Glycyrrhizin (licorice)-induced hypokalemic myopathy. Report of 2 cases and review of the literature.

Fifty-nine cases of glycyrrhizin (licorice)-induced hypokalemic myopathy (GIHM), 2 females treated in our departments (85 and 73 years old) and 57 cases reported in the literature were studied, and conditions leading to the onset, factors, clinical manifestations, laboratory assessments, muscle biopsy findings, treatment and outcome were discussed. The 59 GIHM cases comprised 32 men, 25 women and 2 patients without record of sex; the average age was 55.2 years. In many cases, conditions leading to the onset of GIHM were habitual licorice ingestion, ingestion of antituberculosis agents containing licorice and long-term ingestion of licorice-containing agents for chronic gastritis, chronic hepatitis or chronic dermatitis. The combined use of hypotensive diuretic agents increased the risk of GIHM in an overwhelming number of cases. The main clinical symptom was flaccid quadriplegia in almost all cases, with muscle pain in 32.2% and peripheral dysesthesia in the extremities, manifested mainly by numbness (27.1%). Laboratory findings included a mean serum K+ value of 1.98 mEq/l (56 GIHM cases), a mean creatine kinase of 5,385.7 IU/l (n = 30), a mean blood aldosterone concentration of 2.92 ng/dl (n = 30; normal: 2.0-13.0 ng/dl) and a mean plasma renin activity of 0.17 ng/ml/h (n = 27; normal: 0.8-4.4 ng/ml/h).
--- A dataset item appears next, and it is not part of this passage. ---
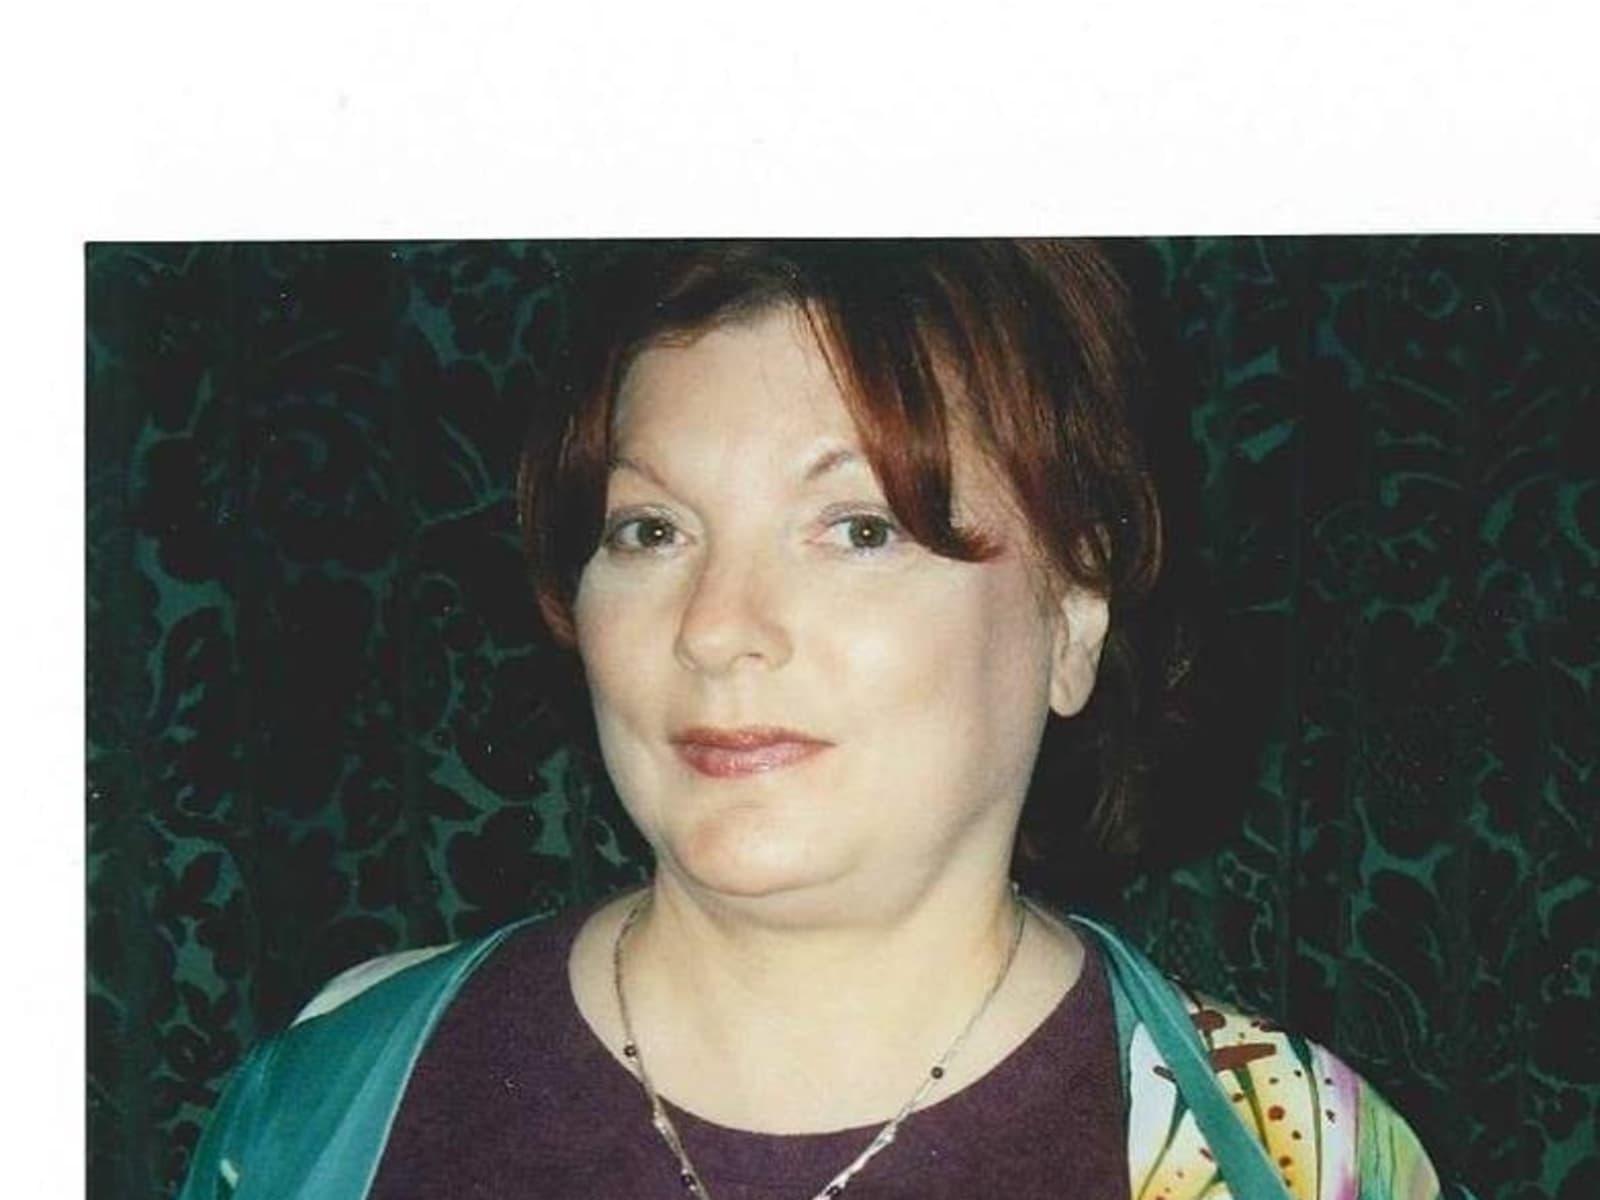 Carol from Philadelphia, Pennsylvania, United States

Muscle biopsy was performed in 17 of the 59 cases with resultant findings of myopathic changes consisting mainly of phagocytosis, necrotic fibers, vacuolar degeneration, together with sporadic neurogenic changes. Complete cure was attained in 57 of the 59 cases of GIHM by discontinued ingestion of glycyrrhizin (licorice) and potassium supplement.